— Par Selim Lander —
Elie Salleron est un jeune auteur, animateur de la compagnie « Rascar Capac » (les tintinophiles apprécieront). Il a écrit au pied levé, pour occuper un créneau qui venait de se libérer dans une petite salle du OFF, un spectacle pour deux comédiens et une comédienne qui ne manque ni d’impertinence ni de pertinence. Il est en effet sinon outrecuidant du moins réellement impertinent de brocarder tout du long l’éditorial d’Olivier Py, le directeur du IN comme chacun sait, plus précisément son introduction au programme du « festival » (le festival tout court, i. e. le IN).
Verbatim : « Quand la révolution est impossible il reste le théâtre. Les utopies y attendent des jours propices, les forces novatrices y inventent encore un demain, les vœux de paix et d’équité n’y sont pas prononcés en vain. Quand Hamlet voit l’impossibilité de la révolution, il convoque le théâtre pour y faire une révolution de théâtre qui dit que tout est encore possible, qu’il faut réanimer le désir de jours enivrés de devenirs.
C’est au théâtre que nous préservons les forces vives du changement à l’échelle de l’individu. Face au désespoir du politique, le théâtre invente un espoir politique qui n’est pas symbolique mais exemplaire, emblématique, incarné, nécessaire… » (Programme de la 70e édition du festival d’Avignon, 2016, p. 1).
Fermez le ban. Curieuse conception que celle qui consiste à assimiler le théâtre – tout le théâtre ? plus vraisemblablement le seul qui soit digne de ce nom aux yeux d’O. Py – à un laboratoire où se préparerait la révolution future. Faire du théâtre, aller au « théâtre », plus précisément assister aux pièces retenues par le directeur du festival, ce serait donc faire un acte politique (pré-)révolutionnaire. C’est d’ailleurs encore le sens du message diffusé par O. Py au lendemain de l’attentat de Nice :
« En cette journée de deuil, nous réaffirmons que le spectateur est un homme, une femme, un enfant engagés » (cité in Libération des 16-17 juillet, p. 21). Eh oui, les enfants aussi !
La réalité, on s’en doute, est plus compliquée. On nous permettra de renvoyer ici le lecteur à notre article intitulé « Le théâtre et ses spectateurs » in Esprit n° 403, mars avril 2014, p. 219-225. En bref, l’intention politique, au théâtre, ne suffit pas pour atteindre une efficacité politique. Les spectateurs, même convaincus d’avance de la justesse d’un discours prônant un changement radical, ne s’engagent pas aussi facilement. Quant aux autres…
L’aliénation a la peau dure.

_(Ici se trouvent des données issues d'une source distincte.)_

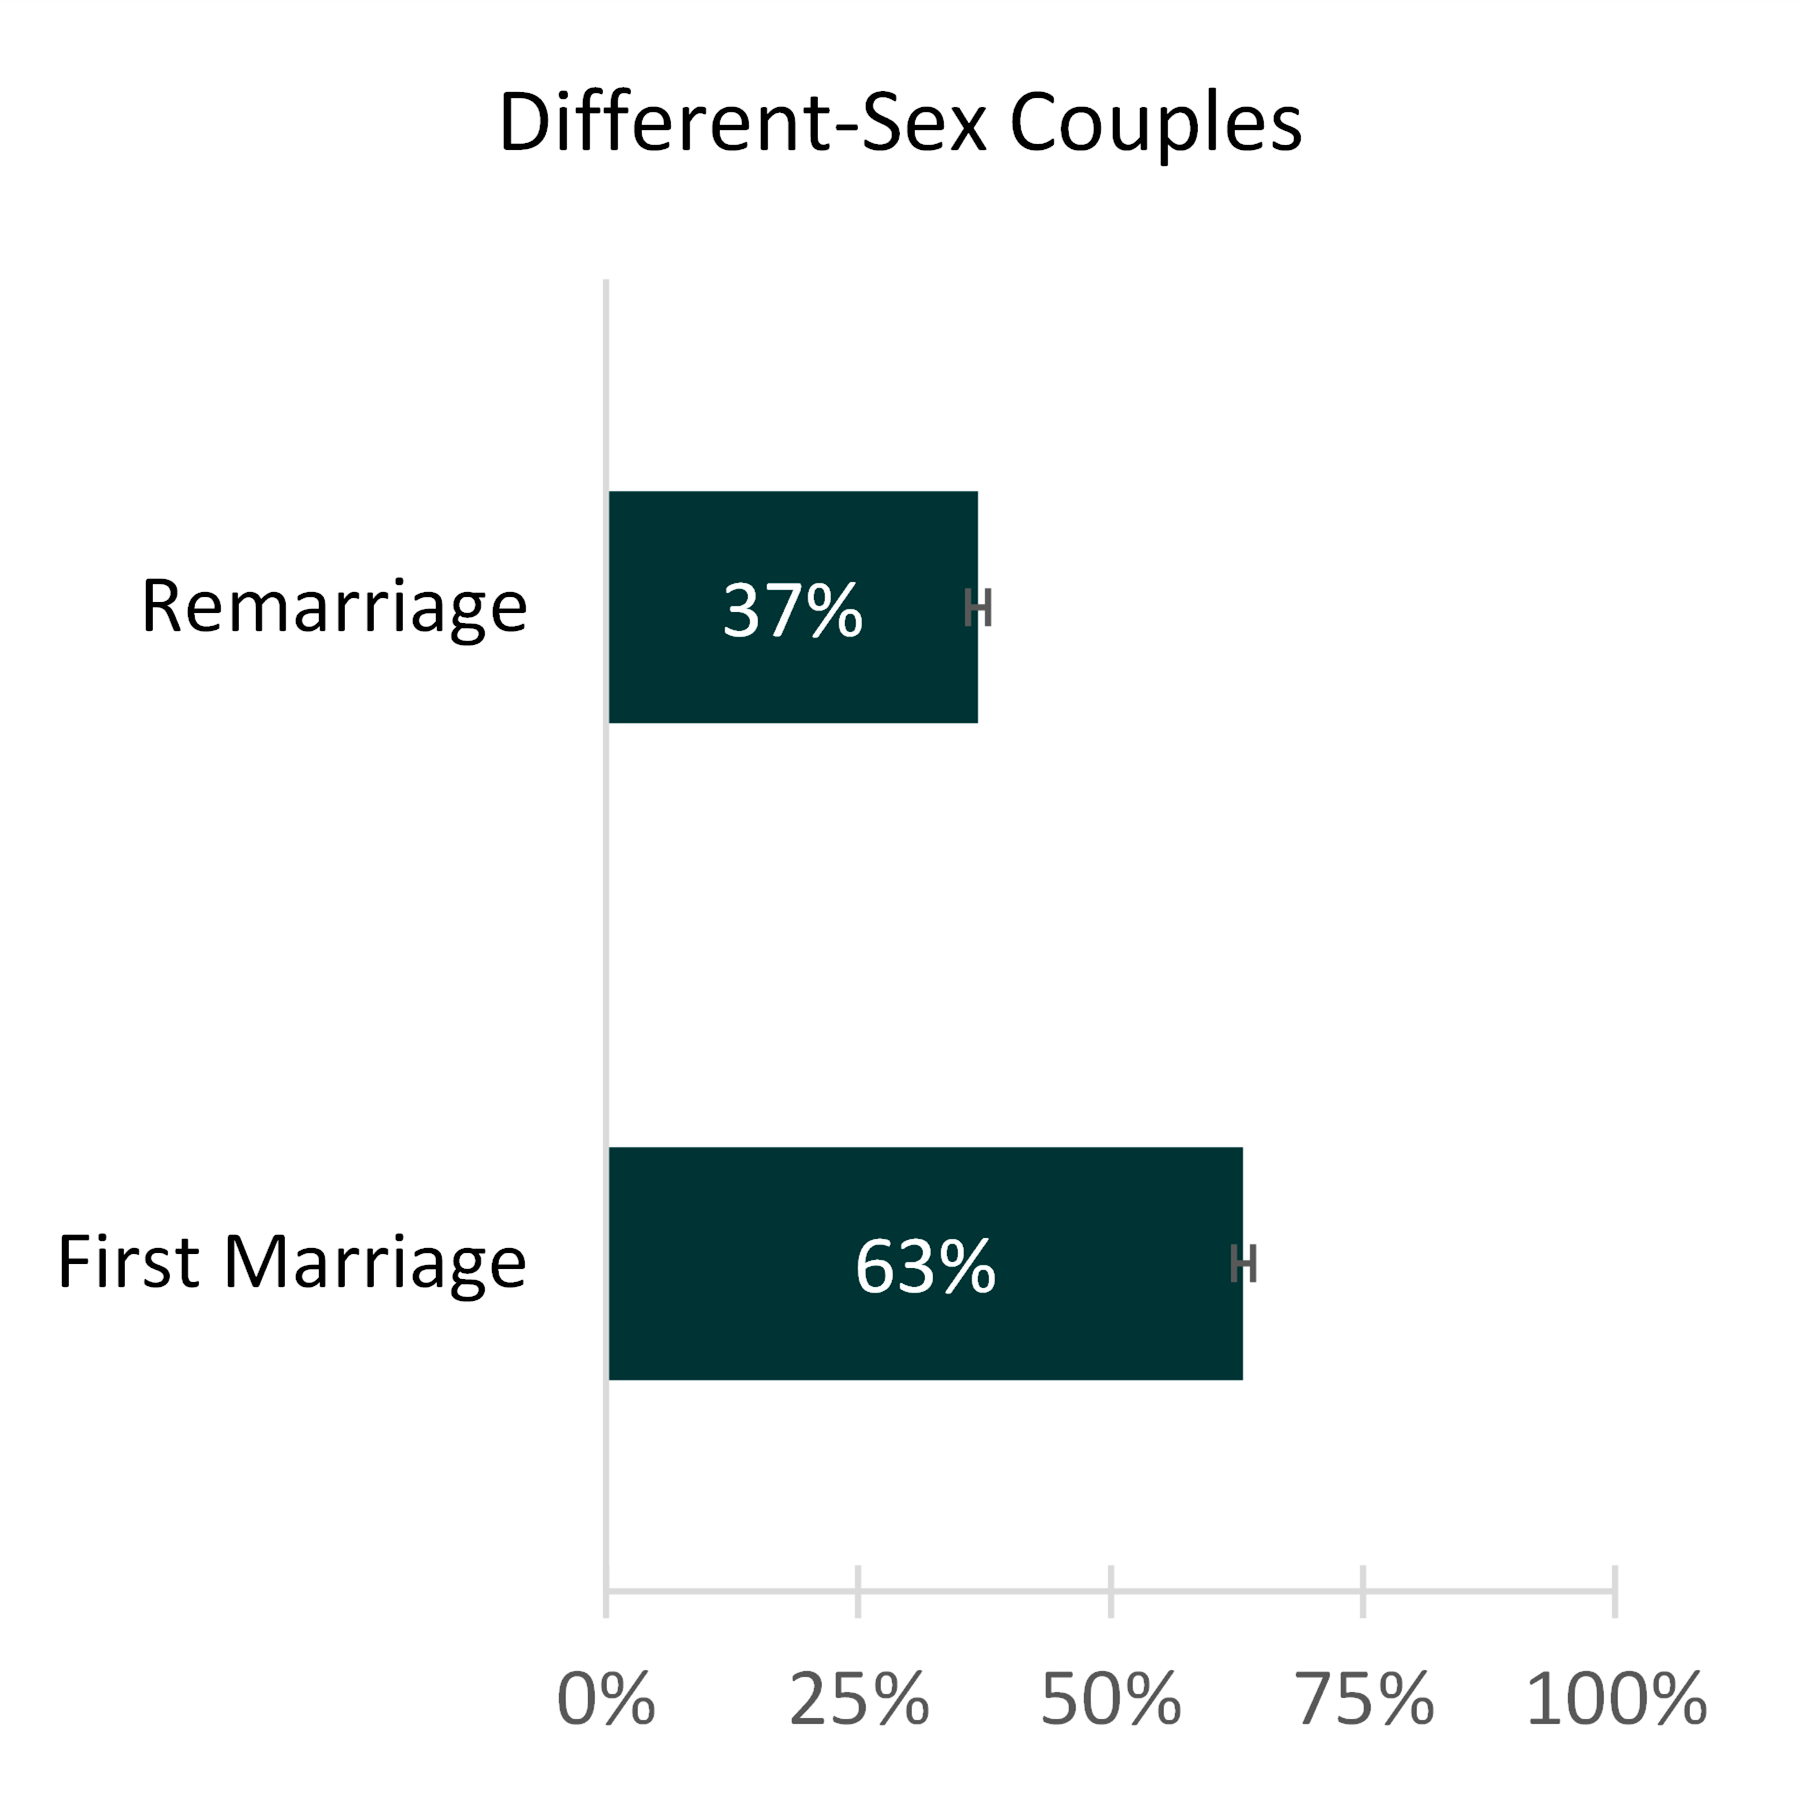 Graph showing Figure 2. First Marriage and Remarriage for Different-Sex Couples, 2019
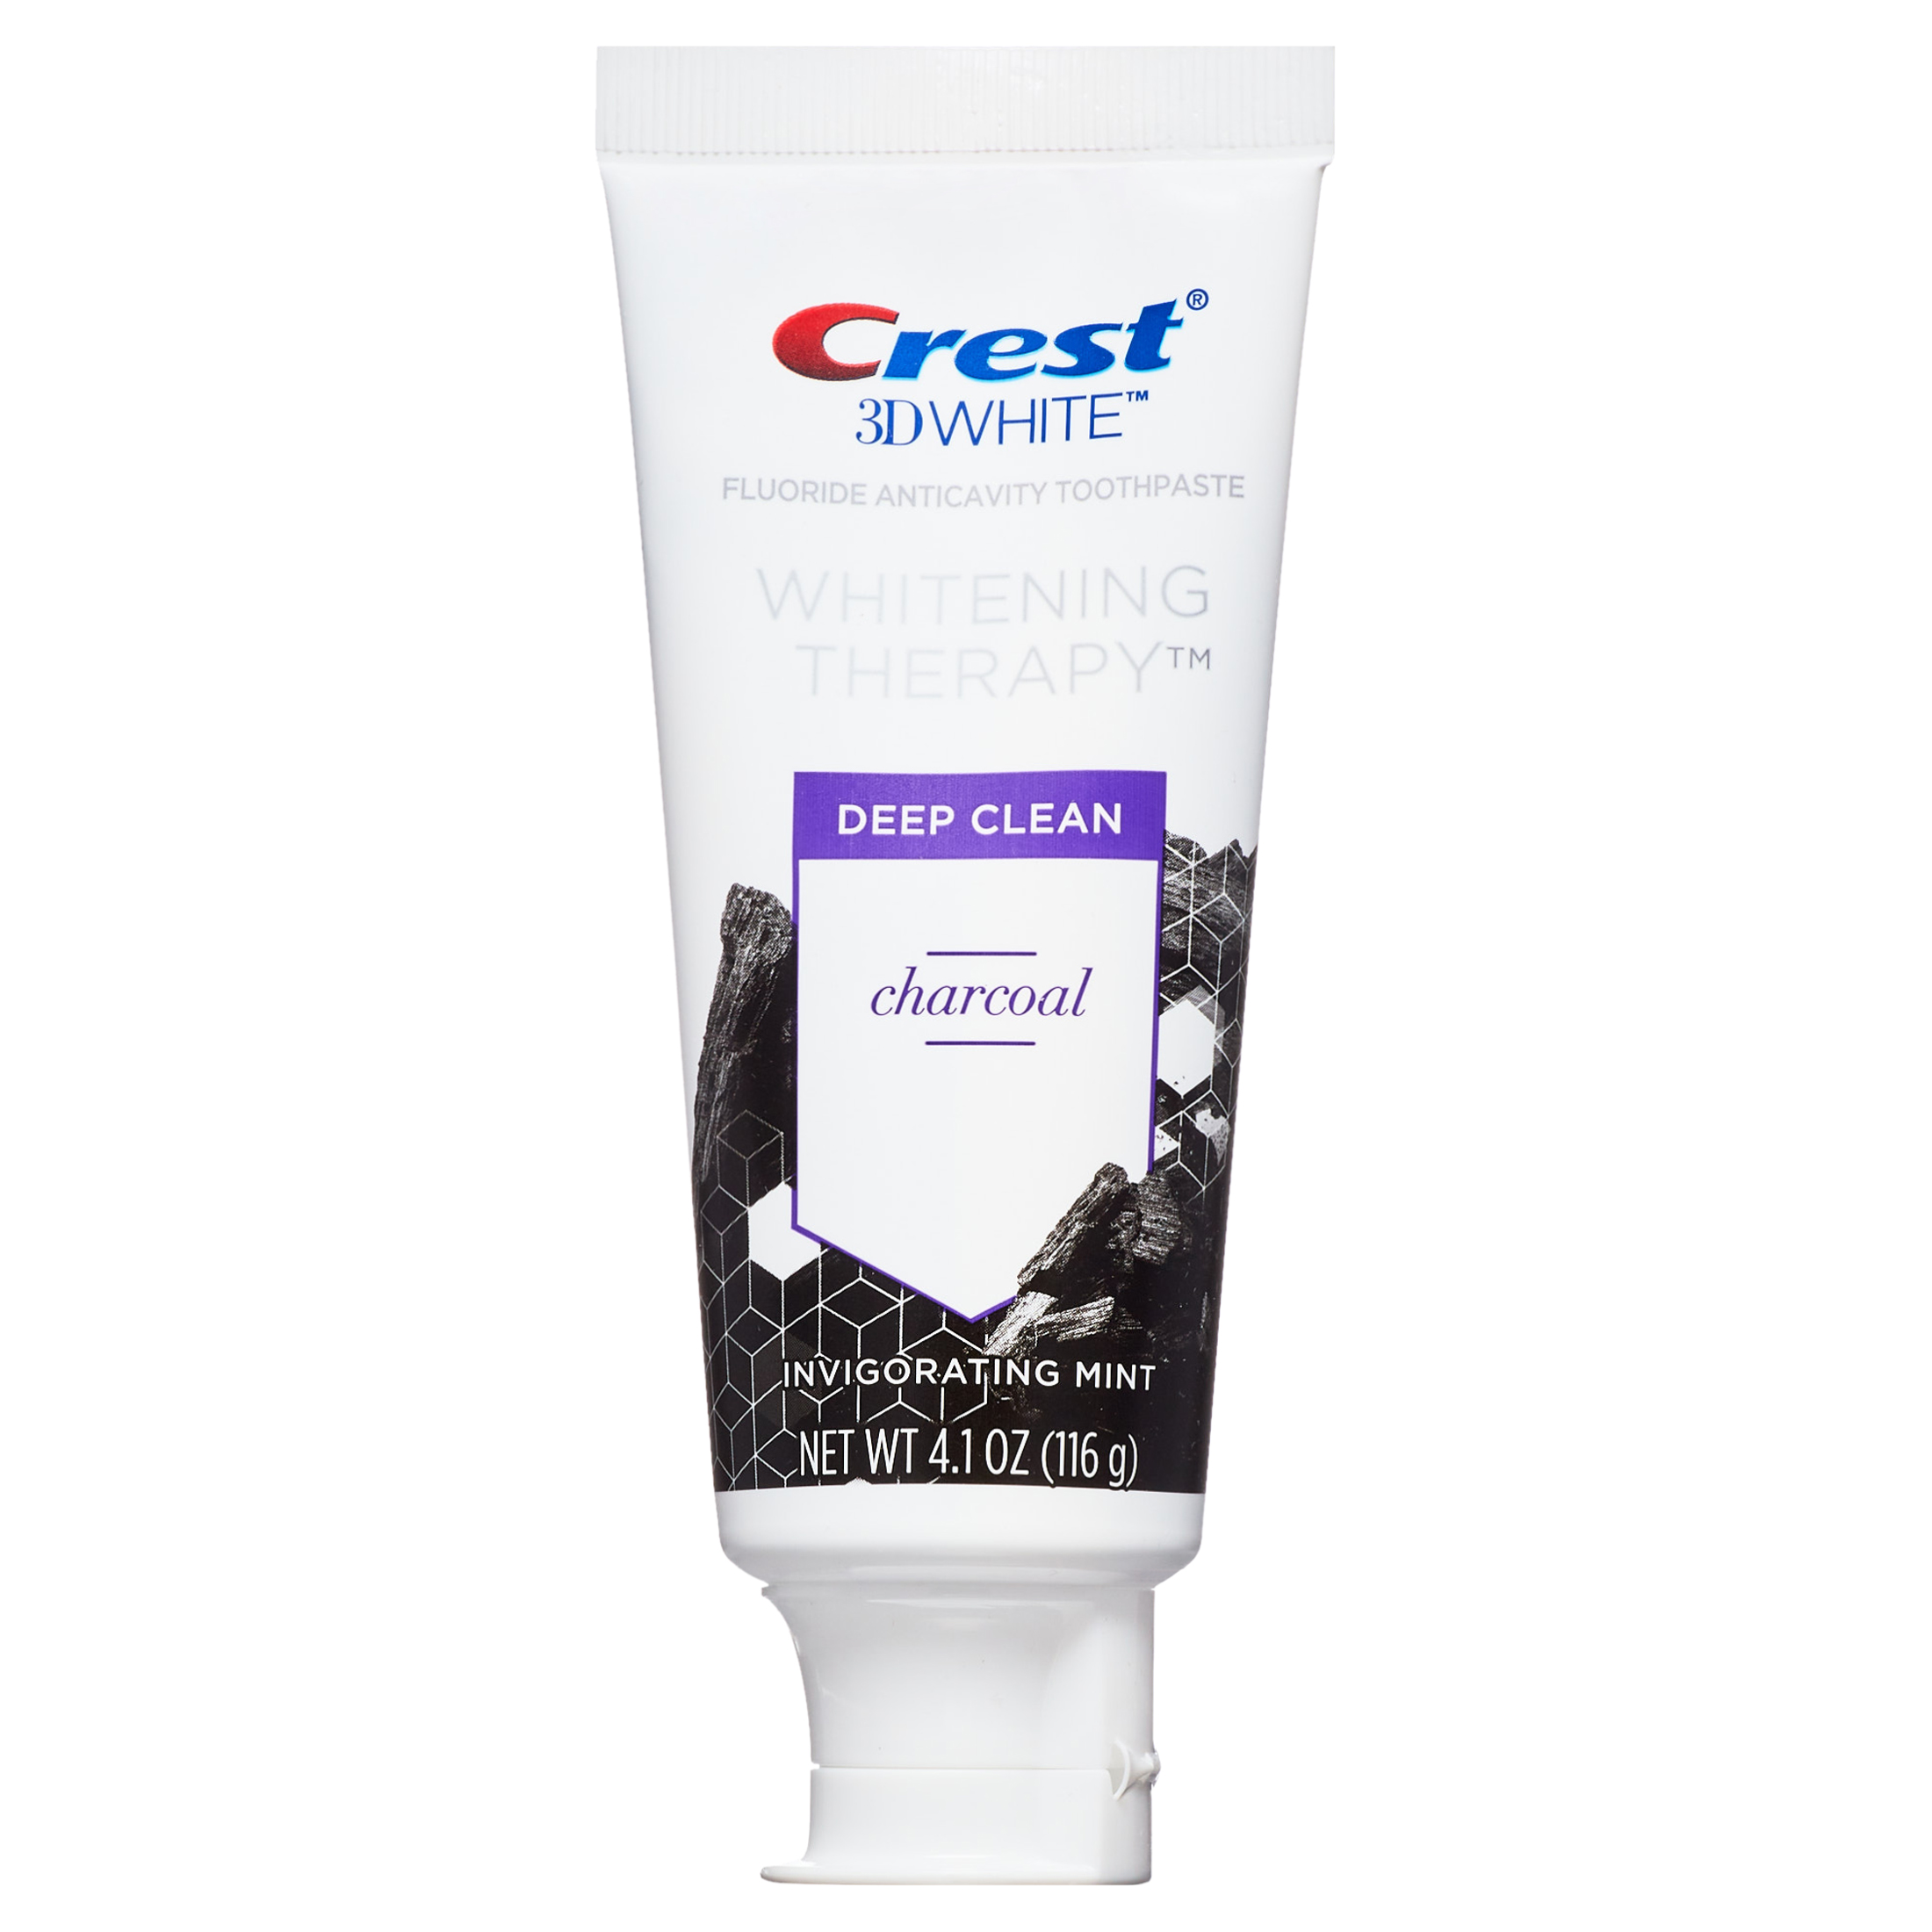 Crest 3D White Whitening Therapy Charcoal Deep Clean Toothpaste, Mint, 4.1 oz - image 3 of 11

C’est justement là-dessus que joue E. Salleron en imaginant un futur où les spectateurs seraient, grâce au théâtre, libérés de leurs chaînes et de leurs préjugés. Cependant, comme un doute subsiste sur l’efficacité de la méthode (voir supra), un recours à la force pure et simple est également envisagé. D’où le titre.
Le charme d’Inconcevable silhouette du nouveau futur qui tue tient principalement à la complicité entre les deux comédiens du trio qui se renvoient plaisamment la balle, avec ce qu’il faut de maladresse (involontaire ?) pour faire croire qu’ils improvisent devant nous. Deux poupées géantes n’ajoutent guère à l’affaire, pas plus que le monologue plus lu que récité d’une comédienne censée personnifier une directrice d’école attachée à former des citoyens. On apprécie davantage, par contre le « robot » à l’intelligence (artificielle) approximative qui s’exprime à travers un ordinateur portable.
Au final, une pièce empreinte de bonne humeur et de modestie, qui ne vise pas moins juste pour autant.